Types of Special-Purpose Entities
Special-purpose entities were being used as far back as the 1970’s when many companies engaged in securitization (Soroosh & Ciesielski, 2004). Since special-purpose entities are commonly referred to as off-balance sheet activities most times they were used to deal with the risky business deals that didn’t need to be seen or the companies involved didn’t want to be seen by financial experts. The SPE is an entity created by an asset transferor to carry out a specific activity or series of transactions directly related to a specific purpose (Wilson & Key, 2012).
Securitization is the process of transforming loans receivable into securities, which is similar to in a sale of receivables or in a secured borrowing using the receivables as collateral (Briggs & Beams, 2012). In securitization the loans are pooled together and restructured into various debt securities, which make them more liquid. (Briggs & Beams)

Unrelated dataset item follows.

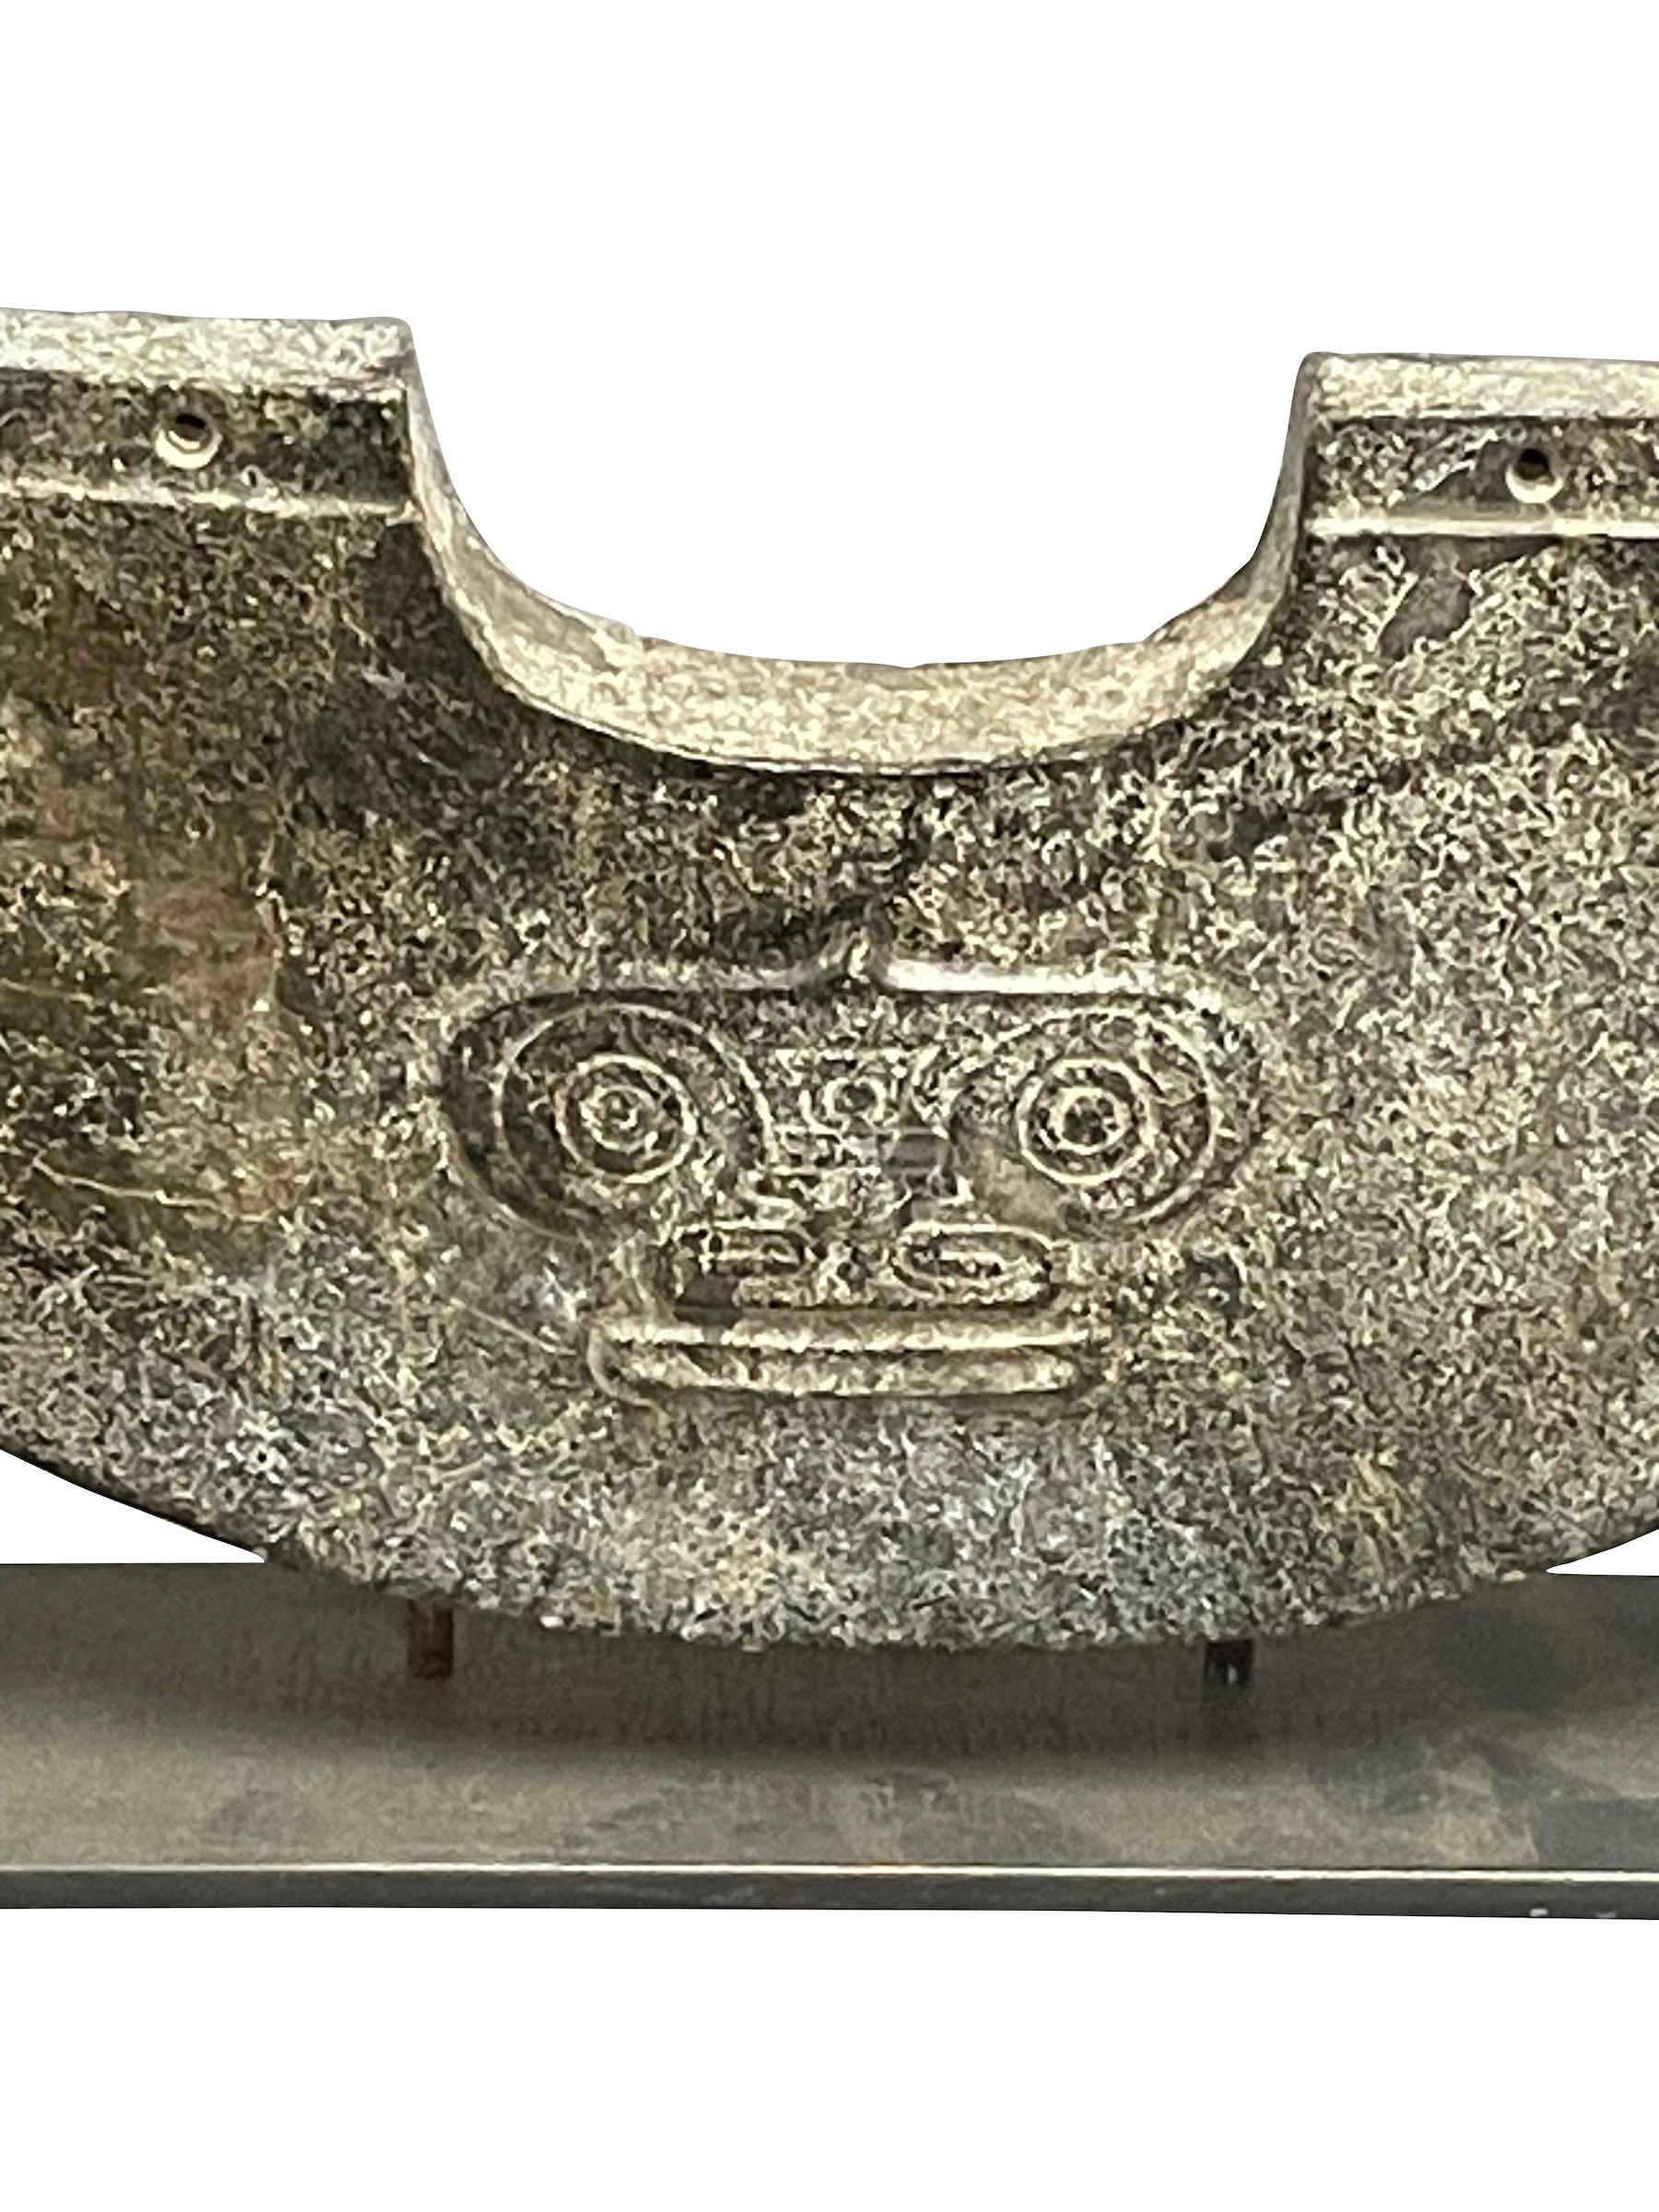 Stone Handgeschnitzte Halbkreisscheibe auf Metall Stand, China, Contemporary (Chinesisch)
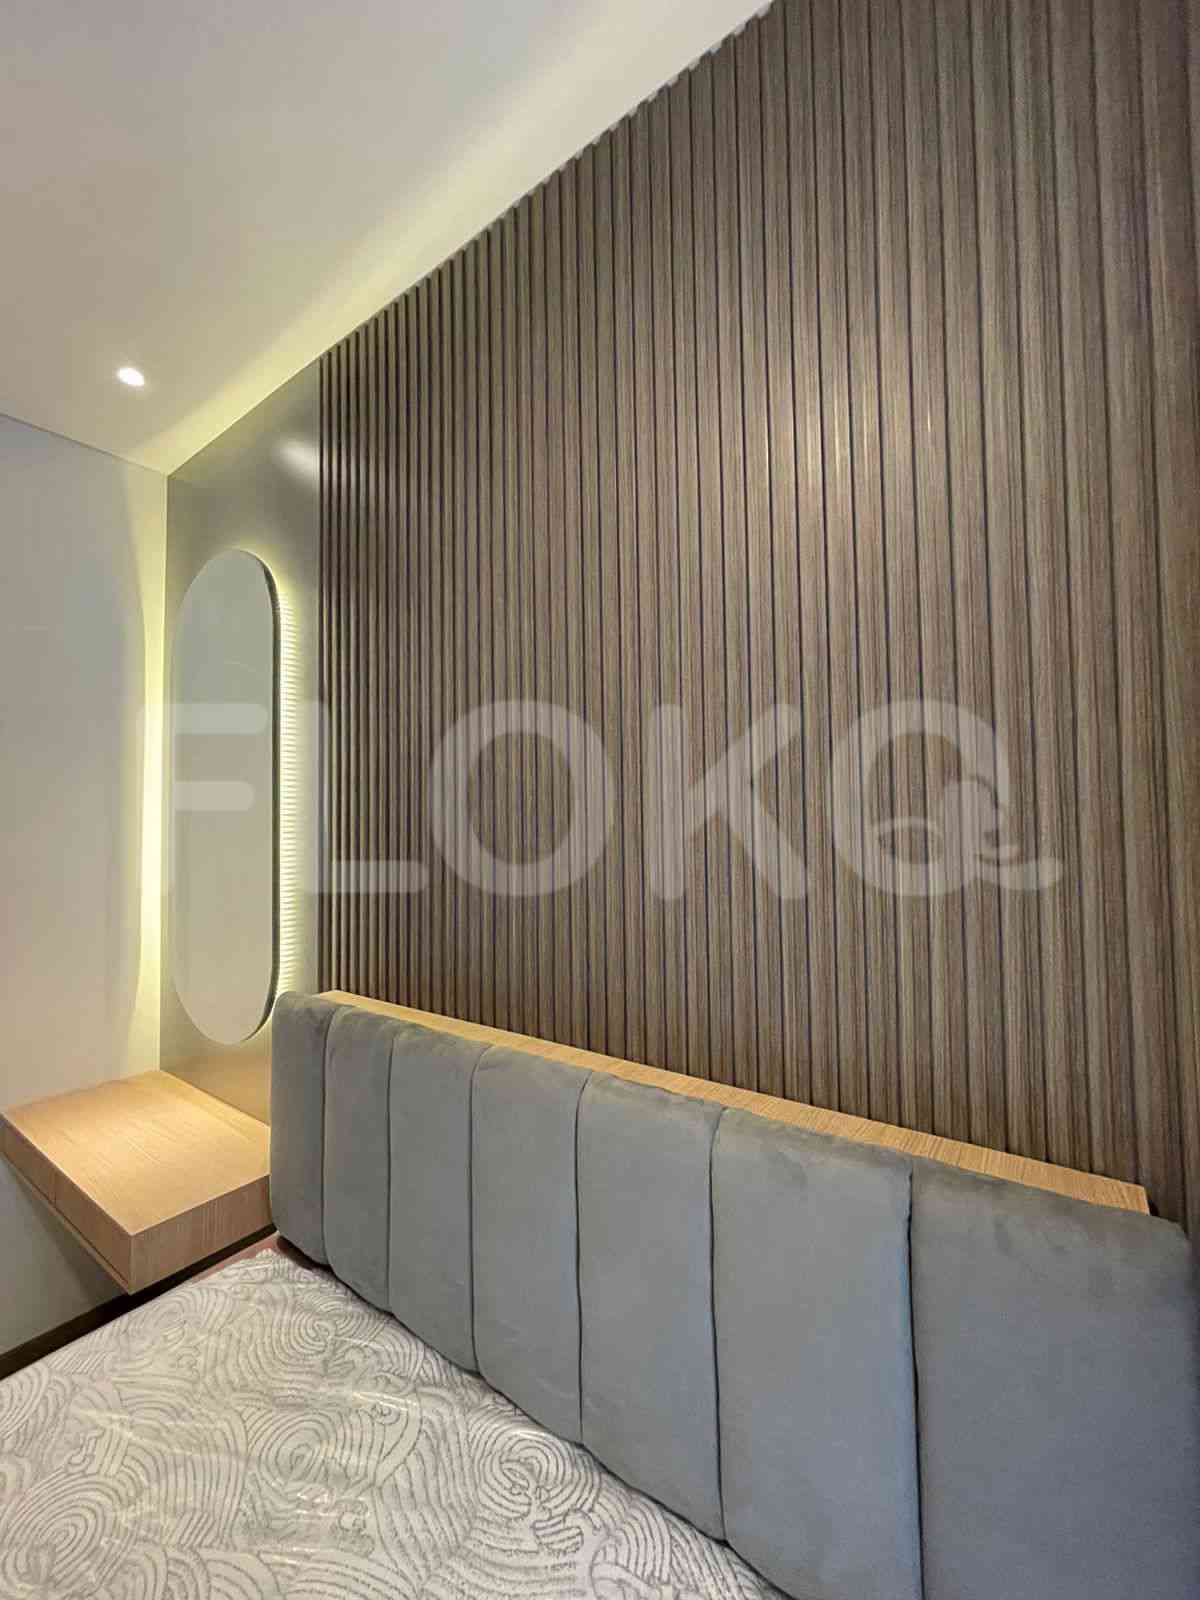 3 Bedroom on 10th Floor for Rent in Sudirman Suites Jakarta - fsuaf7 15

Another transaction that used special-purpose entities was the synthetic lease. “This type of lease happens when a company wants to purchase building and land, but decides it needs to form a separate legal entity, an SPE, to purchase building. The SPE will get a loan for 90% of fair market value of the building from the bank and the company will get an outside equity investor to invest the remaining 10%, which will give the outside equity investor 100% of the shareholder equity in the SPE. All the outside equity is owned by someone other than the sponsoring corporation (13 Law & Bus. Rev. Am. 97).” A company can be a tenant for financial accounting purposes and an owner for tax purposes (Soroosh & Ciesielski, 2004). When a company does this do you think they really take pride in the building? Do they get the building to rent it out or to tear it down and build something else? A person would have to wonder what kind of tenant would they be and depending on the type of building they are buying, how well would it be for the community?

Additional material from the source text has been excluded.